Sous l'ombre apaisante du grand arbre à palabres, les enfants du village étaient suspendus aux lèvres de Baba Afolabi. Le vieil homme, sage parmi les sages, avait le don de transformer les silences en paroles profondes, et ce soir-là, alors que le crépuscule teintait le ciel de nuances pourpres, il leur racontait l'histoire douloureuse d'Oluwakèmy. Les plus jeunes, blottis contre leurs aînés, ressentaient la gravité de ses mots, tandis que les anciens, eux, hochaient la tête, conscients de la réalité qui se cachait derrière cette histoire.
« Mes enfants, » commença Baba Afolabi, sa voix résonnant avec la sagesse du temps, « quand Oluwakèmy arriva chez Mâ Fumilayo, elle croyait avoir trouvé un refuge, une nouvelle famille. Mais il n'en fut rien. »
Les enfants se penchèrent un peu plus en avant, leurs regards rivés sur le vieil homme, qui s'éclaircit la gorge avant de continuer.
« Dès le premier jour, Mâ Fumilayo l'assigna aux tâches ménagères les plus ingrates. Le matin, avant même que l'aube ne pointe à l'horizon, Oluwakèmy devait se lever et balayer toute la cour. Le sol, battu par le passage incessant des habitants, était recouvert de poussière et de détritus. Ses mains frêles maniaient le balai de paille, soulevant des nuages de poussière qui s'accrochaient à ses vêtements et envahissaient ses poumons. Pourtant, elle continuait inlassablement, car elle savait que toute pause, aussi brève soit-elle, lui vaudrait une correction sévère. »
Baba Afolabi ferma les yeux un instant, se remémorant la dureté de cette époque, puis reprit son récit.
« Après le balayage, elle devait puiser de l'eau au puits, remplir de lourdes jarres qu'elle transportait sur sa tête, ses pieds nus foulant la terre chaude. L'eau, précieuse dans cette maison, servait à tout : nettoyer, cuisiner, et abreuver la famille.

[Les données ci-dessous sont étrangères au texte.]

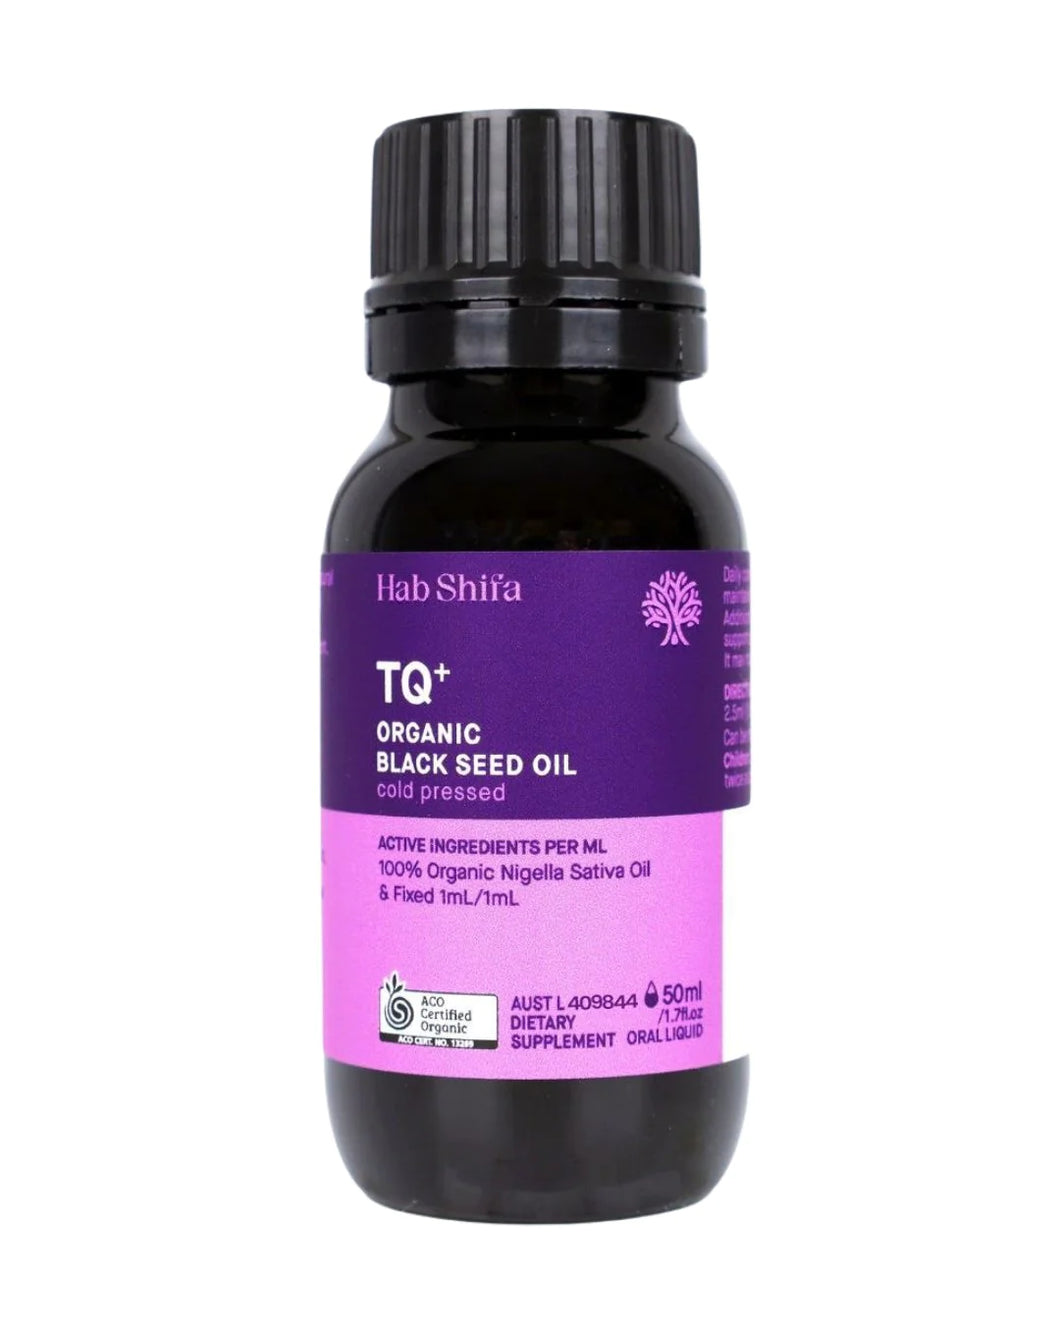 TQ+ Organic Black Seed Oil 50ml

Mais il n'y en avait jamais assez pour Oluwakèmy, qui devait attendre que tout le monde se soit servi avant de pouvoir boire une simple gorgée. »
Les enfants frissonnèrent, imaginant la soif d'Oluwakèmy sous le soleil implacable de Cotonou.
« Une fois l'eau ramenée, commençait la préparation des repas. Sous la surveillance stricte de Mâ Fumilayo, elle devait éplucher les légumes, préparer les sauces, et cuire les plats. Ses mains étaient souvent couvertes de coupures et de brûlures, mais elle n'avait pas le droit de se plaindre. »
Le vieil homme secoua la tête, une expression de tristesse se dessinant sur son visage.
« Les enfants de Mâ Fumilayo, eux, ne se contentaient pas de la regarder travailler. Non, ils prenaient plaisir à la tourmenter. Pendant qu'elle s'affairait dans la cuisine, ils s'approchaient en silence, renversant discrètement le contenu des casseroles ou ajoutant du sel en excès, puis riaient lorsque Mâ Fumilayo, furieuse, punissait sévèrement Oluwakèmy pour l'avoir "gâché" le repas. »
Les jeunes auditeurs du cercle laissèrent échapper des murmures indignés, leur cœur révolté par l'injustice dont était victime la jeune fille.
« Ils allaient encore plus loin, » poursuivit Baba Afolabi, le regard sombre. « Quand venait l'heure du repas, Oluwakèmy devait servir chacun des enfants, s'assurant que leurs assiettes étaient pleines et que leur confort était assuré. Elle restait debout, dans un coin de la pièce, les mains jointes, attendant patiemment que tous aient fini. Ce n'est qu'à ce moment-là qu'elle était autorisée à manger les restes. »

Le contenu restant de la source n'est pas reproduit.